Effects of Ultra-Fast Cooling Technology on Microstructure and Properties of Low Carbon Steel

Abstract

The cooling technology after hot-rolling influences the microstructure and mechanical properties of steels. Combined with dynamic continuous cooling transformation (CCT) curve by the thermal simulation experiments of Q235B steel, the effects of ultra-fast cooling technology on microstructure and properties of Q235B steel were investigated by optical microscope, scanning electron microscope, tensile and impact tests. Also, the fracture morphology analysis was conducted by scanning electron microscope. The results show that both yield and tensile strength are enhanced by ultra-fast cooling technology. Moreover, the yield and tensile strength increase with the increase of cooling rate of ultra-fast cooling process, while the ductility has no significant change.

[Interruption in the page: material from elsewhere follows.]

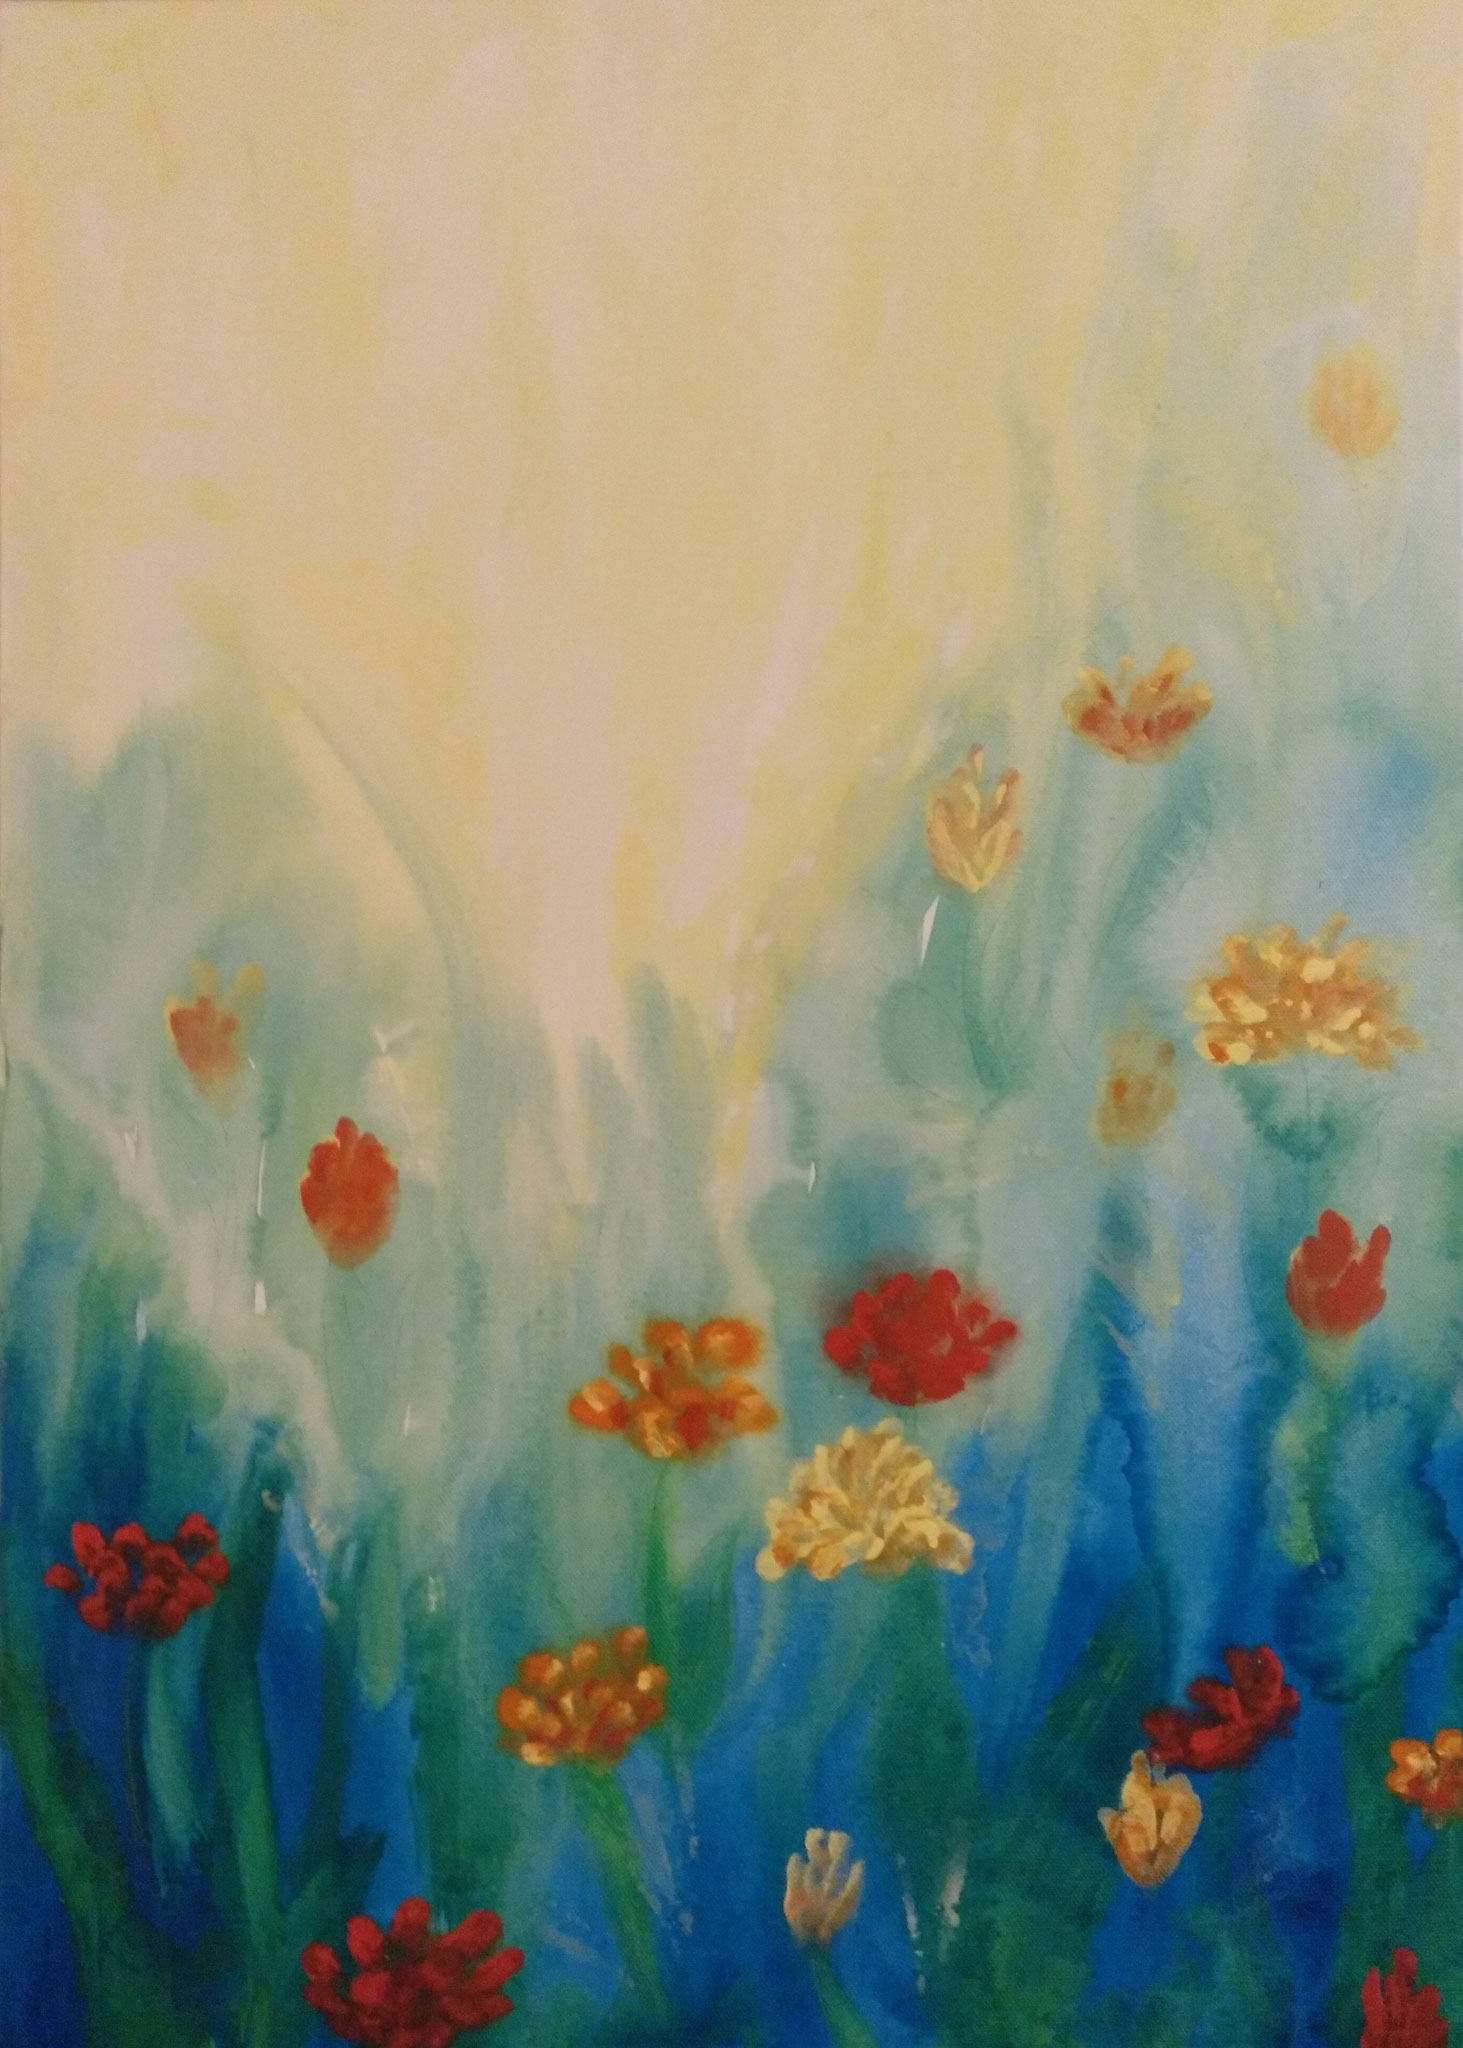 Blumenlicht - 50 x 70 - Mischtechnik auf Leinwand

Furthermore, the yield and tensile strength increase with the decrease of final cooling temperature of ultra-fast cooling process with a little reduction in ductility. The impact tests show that all samples possess excellent impact toughness varying within a small range. The yield strength, tensile strength, and impact toughness of Q235B steel could increase to 395, 516 MPa, and 143 J, respectively, using ultra-fast cooling technology. The study provides theoretical guidance for industrial application of ultra-fast cooling technology.